Supplied entries →
┄┄┄┄┄┄┄┄┄┄
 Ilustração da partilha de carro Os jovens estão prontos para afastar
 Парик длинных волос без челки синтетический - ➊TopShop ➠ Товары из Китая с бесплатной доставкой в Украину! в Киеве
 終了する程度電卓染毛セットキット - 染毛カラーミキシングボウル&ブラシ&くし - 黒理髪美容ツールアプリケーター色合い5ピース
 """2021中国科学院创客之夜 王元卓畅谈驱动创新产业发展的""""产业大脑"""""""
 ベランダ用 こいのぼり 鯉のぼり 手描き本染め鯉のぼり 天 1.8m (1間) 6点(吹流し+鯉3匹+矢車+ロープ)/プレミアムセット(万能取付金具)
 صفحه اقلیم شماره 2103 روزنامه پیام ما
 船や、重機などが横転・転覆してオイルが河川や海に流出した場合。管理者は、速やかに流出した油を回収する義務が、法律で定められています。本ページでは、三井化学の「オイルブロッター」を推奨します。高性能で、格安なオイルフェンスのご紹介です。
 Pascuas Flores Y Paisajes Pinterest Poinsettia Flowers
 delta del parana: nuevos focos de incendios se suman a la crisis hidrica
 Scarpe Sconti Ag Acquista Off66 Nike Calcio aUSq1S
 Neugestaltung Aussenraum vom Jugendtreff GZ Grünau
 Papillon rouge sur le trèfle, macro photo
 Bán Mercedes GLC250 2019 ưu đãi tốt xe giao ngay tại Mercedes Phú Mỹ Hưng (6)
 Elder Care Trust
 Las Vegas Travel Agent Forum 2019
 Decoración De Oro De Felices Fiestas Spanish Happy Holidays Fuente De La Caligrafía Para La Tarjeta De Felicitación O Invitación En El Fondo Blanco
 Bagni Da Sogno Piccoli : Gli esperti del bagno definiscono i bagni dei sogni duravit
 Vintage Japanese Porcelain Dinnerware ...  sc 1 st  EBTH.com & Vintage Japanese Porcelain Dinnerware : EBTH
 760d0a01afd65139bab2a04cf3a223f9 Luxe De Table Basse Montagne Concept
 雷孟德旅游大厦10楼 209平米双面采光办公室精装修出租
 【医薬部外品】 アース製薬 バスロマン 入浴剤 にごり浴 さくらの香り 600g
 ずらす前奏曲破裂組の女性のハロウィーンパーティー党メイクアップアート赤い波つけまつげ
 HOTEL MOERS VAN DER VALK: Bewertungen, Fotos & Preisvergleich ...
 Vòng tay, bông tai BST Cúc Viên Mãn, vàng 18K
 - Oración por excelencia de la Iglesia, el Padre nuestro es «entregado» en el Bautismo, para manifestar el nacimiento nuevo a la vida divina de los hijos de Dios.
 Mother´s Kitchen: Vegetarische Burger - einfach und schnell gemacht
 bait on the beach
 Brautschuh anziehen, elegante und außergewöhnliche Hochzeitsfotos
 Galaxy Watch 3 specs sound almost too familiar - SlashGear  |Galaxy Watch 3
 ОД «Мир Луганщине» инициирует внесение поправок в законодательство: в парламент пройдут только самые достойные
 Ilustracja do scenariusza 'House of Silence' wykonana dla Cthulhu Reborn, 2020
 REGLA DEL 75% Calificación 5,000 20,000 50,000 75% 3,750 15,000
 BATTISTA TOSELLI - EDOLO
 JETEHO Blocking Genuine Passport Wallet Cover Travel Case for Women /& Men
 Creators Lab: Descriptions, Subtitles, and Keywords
┄┄┄┄┄┄┄┄┄┄
Work required → All lines that include the word "Travel" must be copied from the material above.

Task result →
 Las Vegas Travel Agent Forum 2019
 JETEHO Blocking Genuine Passport Wallet Cover Travel Case for Women /& Men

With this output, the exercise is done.